The hockey stick vs a sustainable economy

Australia’s Treasurer has wielded the hockey stick with great enthusiasm and inflicted many blows, but missed the goal of a stable and prosperous economy. However on an objective analysis I have to agree with him on the following: “We need to live within our means”, “We need to be sustainable”, “We don’t want to squander our children’s future” and there is a “moral dimension”.

He is not quite right about “the age of entitlement is over”. It isn’t; but it’s fair to at least head in that direction.

So how should we interpret Mr Hockey’s statements?

Entitlement vs sustainability

Entitlement vs sustainability

We live on a finite planet with a supply of natural resources upon which we totally depend. Our economy (a set of rules that we humans devised for our benefit) is built entirely on these resources. So, if we are not to “squander our children’s future”, it is imperative that we “live within the means provided” by only using these resources at a rate that is “sustainable” – it would be immoral to do otherwise.

Maybe there is a sense of “entitlement” that exists in some communities, where generations of people have simply lived off the state. So why didn’t Mr Hockey add a carrot to the big stick to change this culture of entitlement? What about a policy to encourage change through education? Oh hang on, this was also cut. What about promoting self-fulfilment and hope? Not easy, but at least give it a go.

There is also of course an “entitlement” culture that exists amongst some of the wealthy, who hide behind grey tape1 to effectively launder money around and legally avoid paying tax.

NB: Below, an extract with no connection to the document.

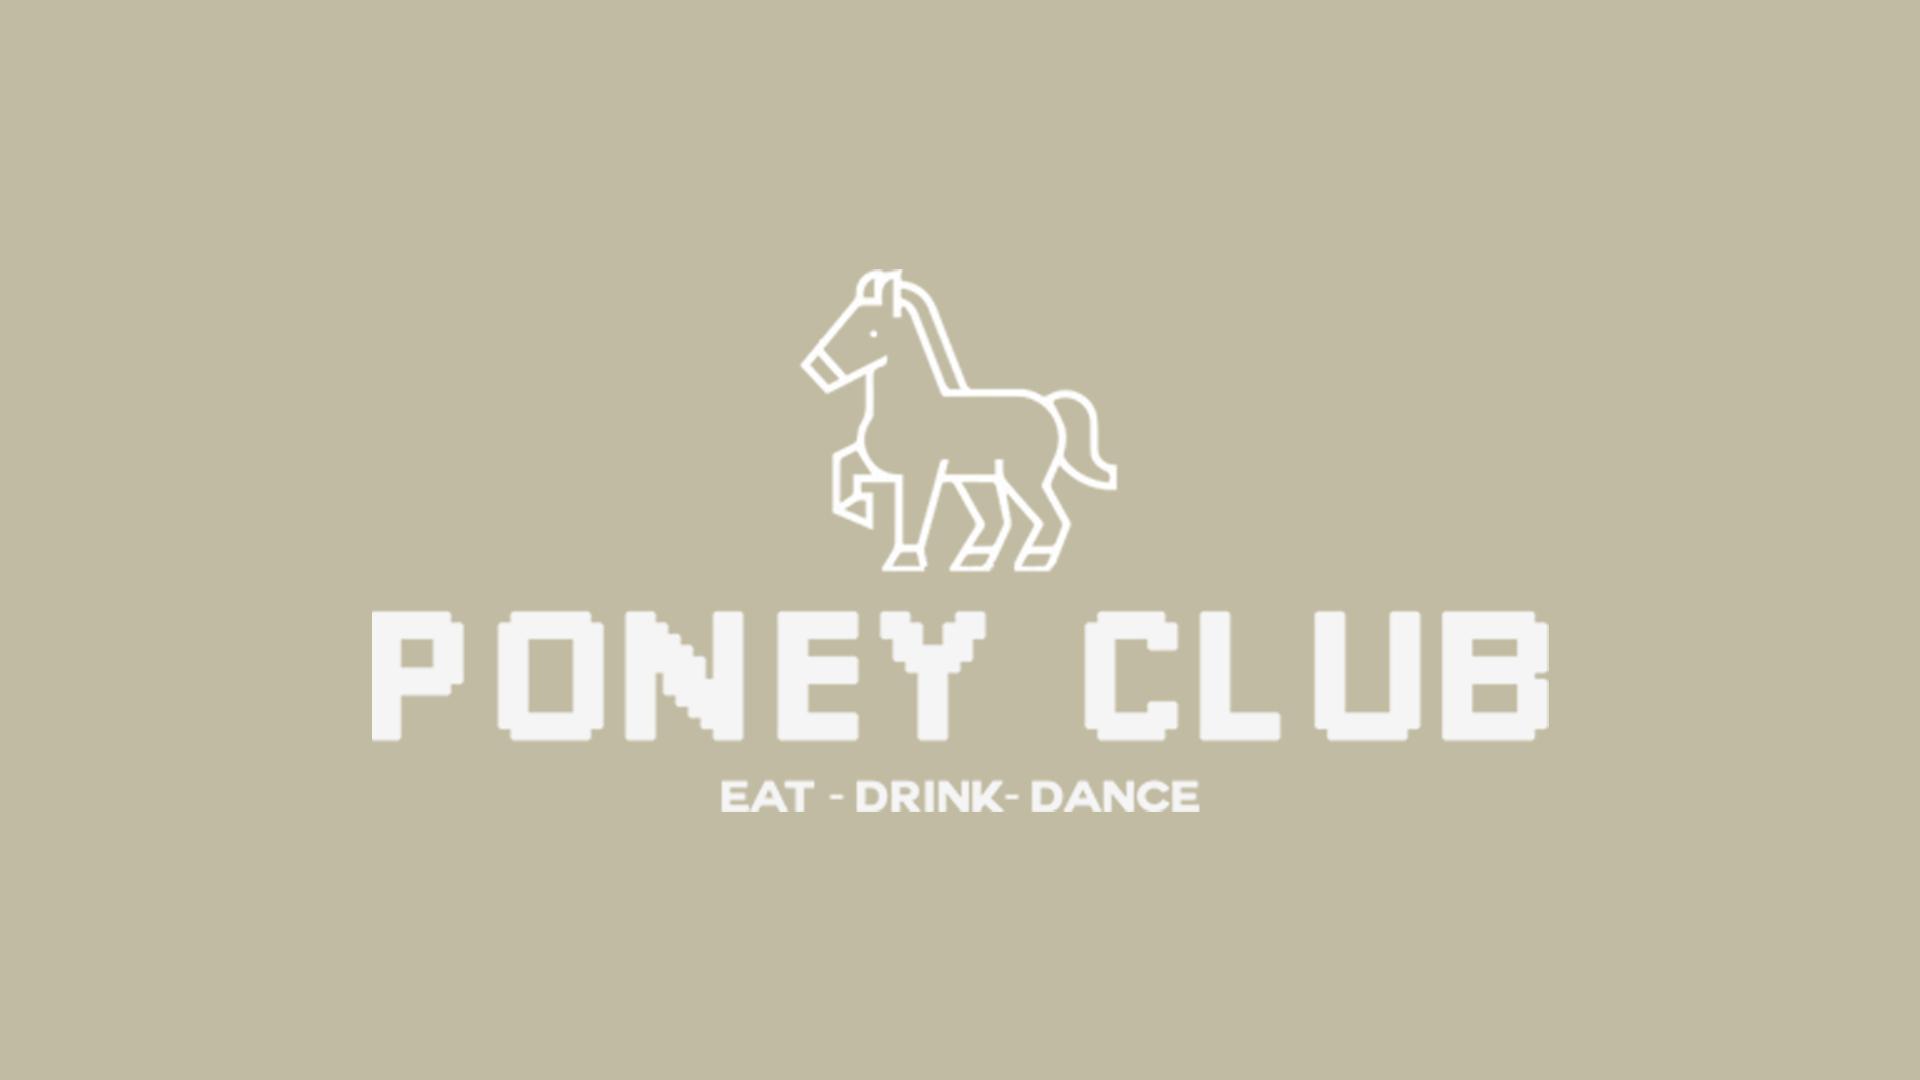 J'peux pas j'ai poney - Opening

In 1952, 4,000 people died in London as a result of excessive smog. This necessitated stringent laws to clean up, which over time duly happened and London is the better for it. But until then, pollution was a cost passed on by companies to society. These business barons felt entitled to simply dump their pollution in order to maximise profits. Certain leaders in society feel entitled to cut down 400-year-old forests for paper pulp,  contaminate the Great Barrier Reef to construct a coal terminal at Abbot Point (aptly named), produce products destined for waste dumps because of built-in obsolescence, and of course produce emissions that are threatening us and our “children’s future”.

The “age of entitlement” of being able to destroy a shared resource for personal gain must end.

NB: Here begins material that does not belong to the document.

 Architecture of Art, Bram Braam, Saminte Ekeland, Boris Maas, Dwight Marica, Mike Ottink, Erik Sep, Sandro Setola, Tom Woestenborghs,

The evidence of only 20% of original forests left, 10% of large fish stocks, extinctions 100 times that of natural background, and of course the famous hockey stick graph that shows the rapidly changing climate, is so overwhelming, yet is being ignored in favour of the entitled few.

All these costs – known by economists as negative externalities (they certainly have a way with words) – are real and won’t go away with the magic wave of a hockey stick. Either companies pay now or society pays later – a simple choice, yet in the interests of short term economics the latter is chosen.

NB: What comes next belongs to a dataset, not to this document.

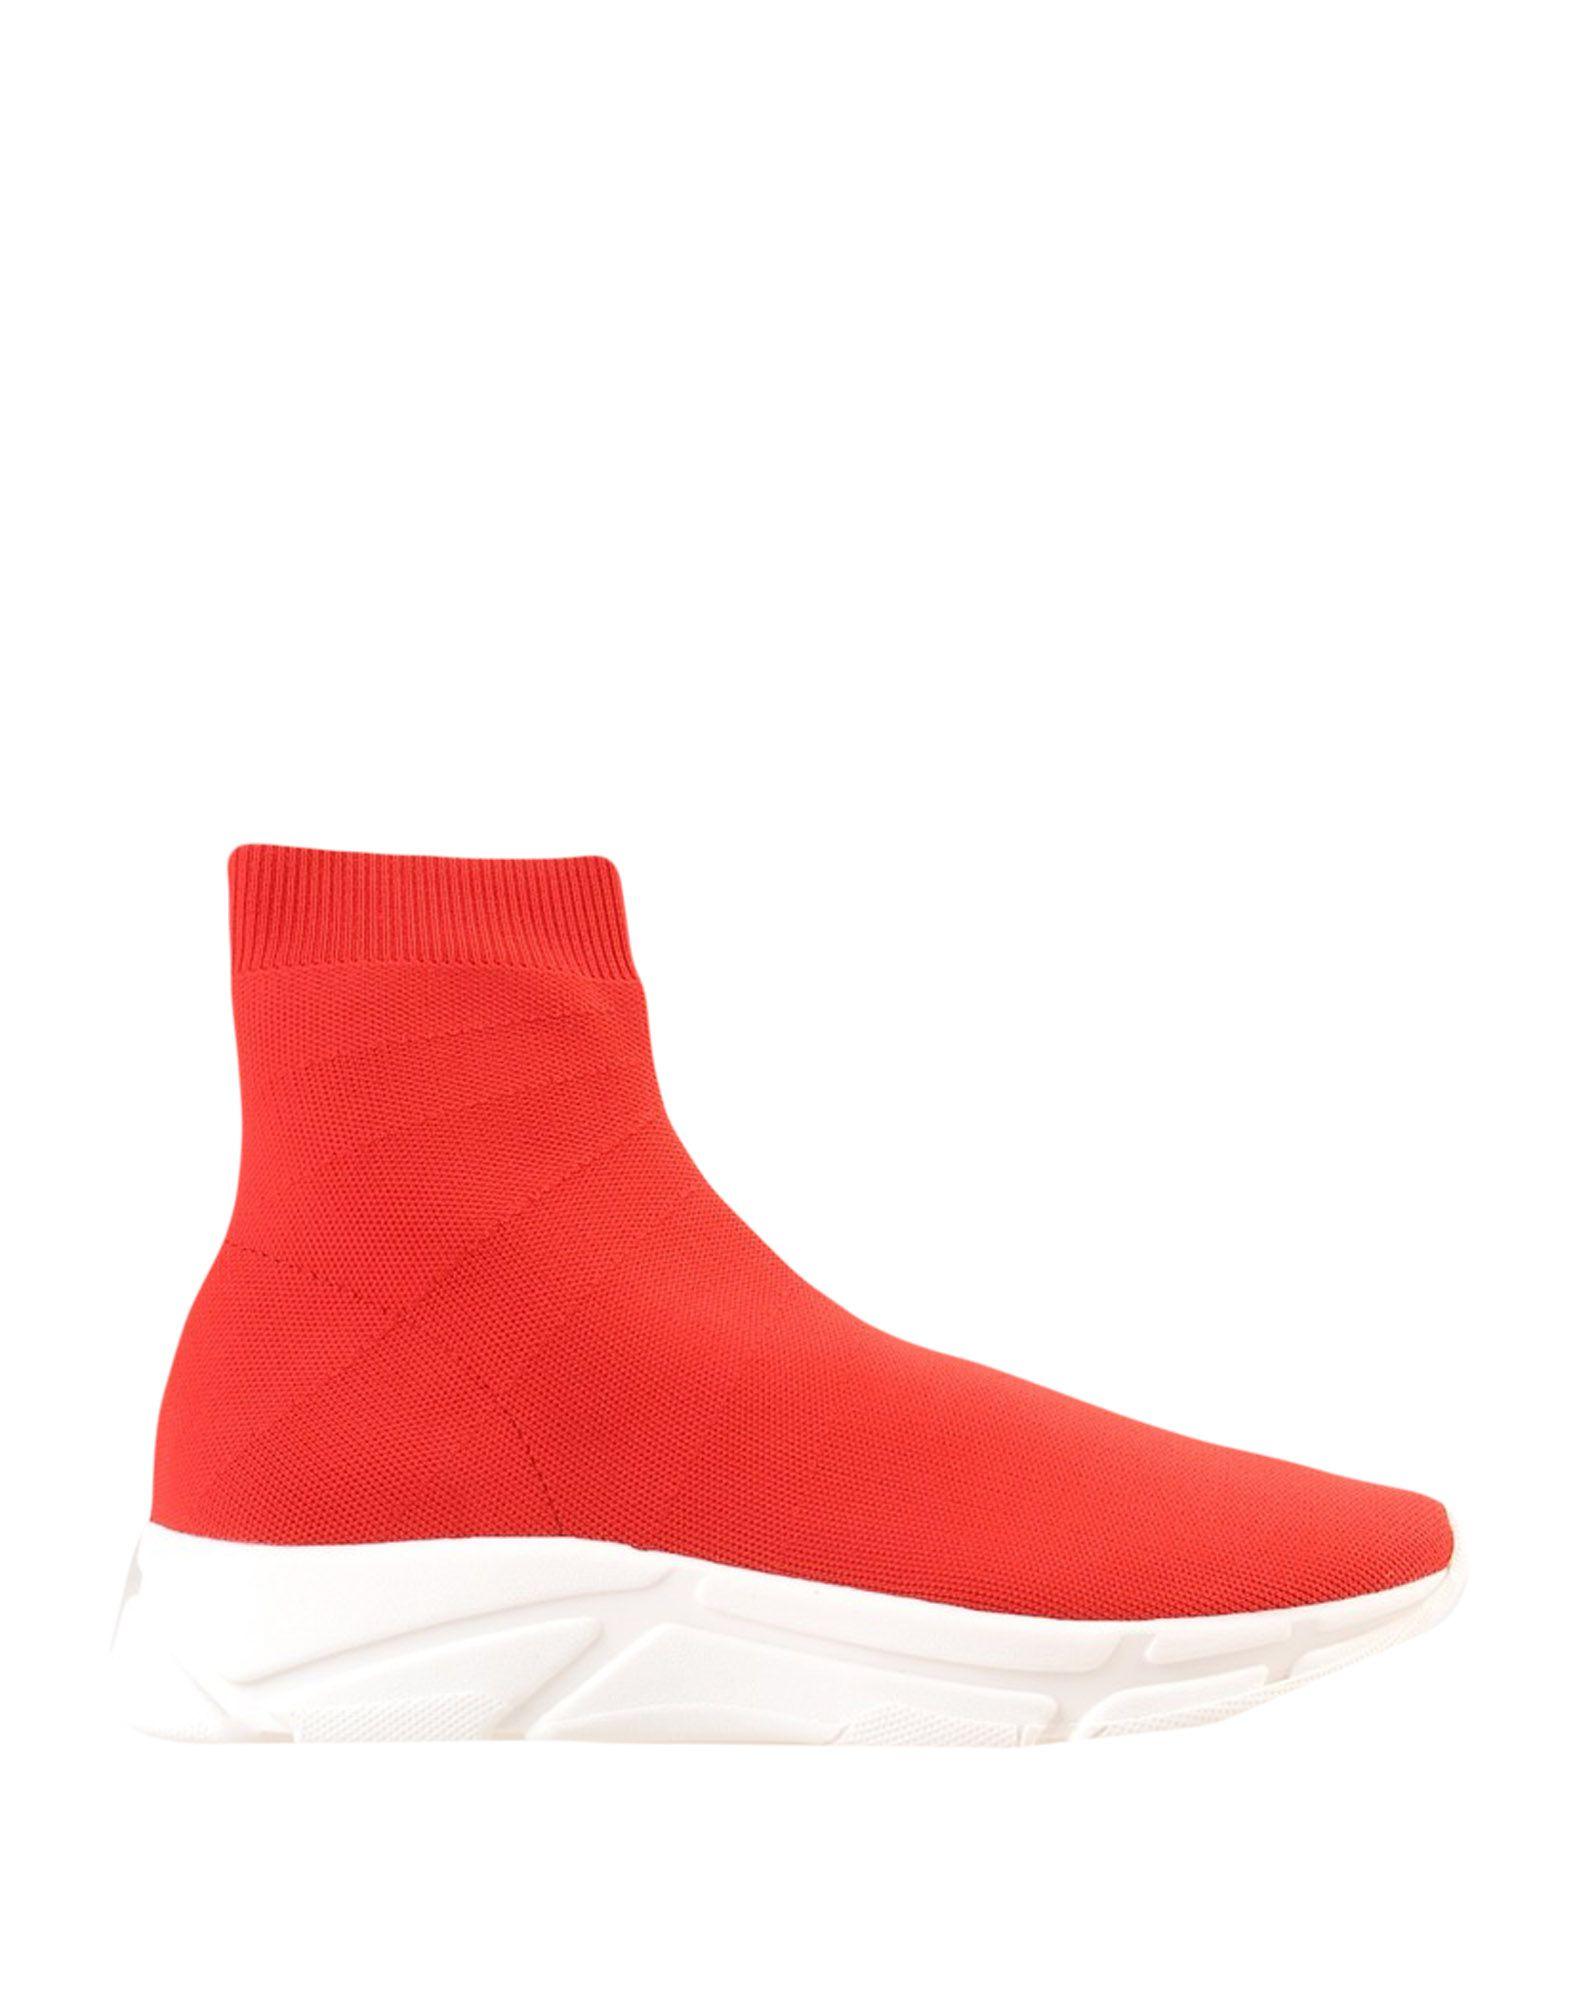 Steve Madden Bitten - Sneakers - Women Steve Madden Sneakers - online on  Canada - Sneakers 11567405DI d8ccc3

Economy translated means home management. Squandering our inheritance (the earth and all its resources) is not my idea of good home management. Current neoliberal economics puts zero value on nature and its processes such as producing oxygen from carbon dioxide, photosynthesis and converting dung into food. Yet it puts an enormous value on so-called improvements such as processes that convert sugars and syrups into obesity-related soft drink that is served in a throw-away can. This is not to say that we shouldn’t partake of these offerings, but at least apportion things a fair value and let the user pay the full price.

Just as a prosperous business depends on its people and systems, so too a prosperous economy depends on its people and ecosystems. Australia – with probably the most favourable economy worldwide – can show real leadership in how to improve wellbeing and also tackle sustainability and climate change. The risks are high. The stakes are high. The Clean Energy Package must stay; otherwise this could be a dark moment in our history as we turn our back on humanity.

As a priority, we need to retain the price on carbon and renewable energy initiatives, known as the Clean Energy Acts and Regulations. Retaining the carbon tax would also circumvent the need for some other taxes and budget cuts.

It is extremely unfortunate that an issue as critical as greenhouse emissions have been treated as a political football by both major parties; a sad indictment of our political system. “Axe the Tax” needs to be hit for six by the big hockey stick; “Axe the Axe2’” instead.

So Joe, we do need to be “sustainable”, “live within our means”, “not squander our children’s future” and end “the age of entitlement” in the interests of a “moral dimension”.

  1. ‘Grey Tape’ is the set of rules, regulations and laws that allow people to pass on their costs and risks (often through Limited Liability companies) to society at large.
  2. Axe the Axe – vote against the Repeal bills

2 thoughts on “The hockey stick vs a sustainable economy

  1. I couldn’t agree more Graham, what Joe refers to as “the age of entitlement” obviously only relates to those who feel “entitled” to live modest lives, perhaps without working to support that life. Is it any less morally problematic for the wealthy and influential to maintain their sense of entitlement to dictate public policy to advantage themselves? Nathan Tinkler is the perfect example. It’s been reported that evidence presented to the NSW ICAC hearings indicated that he had a fit when his developments were not approved 2 weeks after a State election where he bankrolled politicians campaigns. While Joe may feel free to kick welfare recipients, he does not deserve to be taken seriously unless he addresses corporate welfare and corruption and truly ends a societal “age of entitlement”.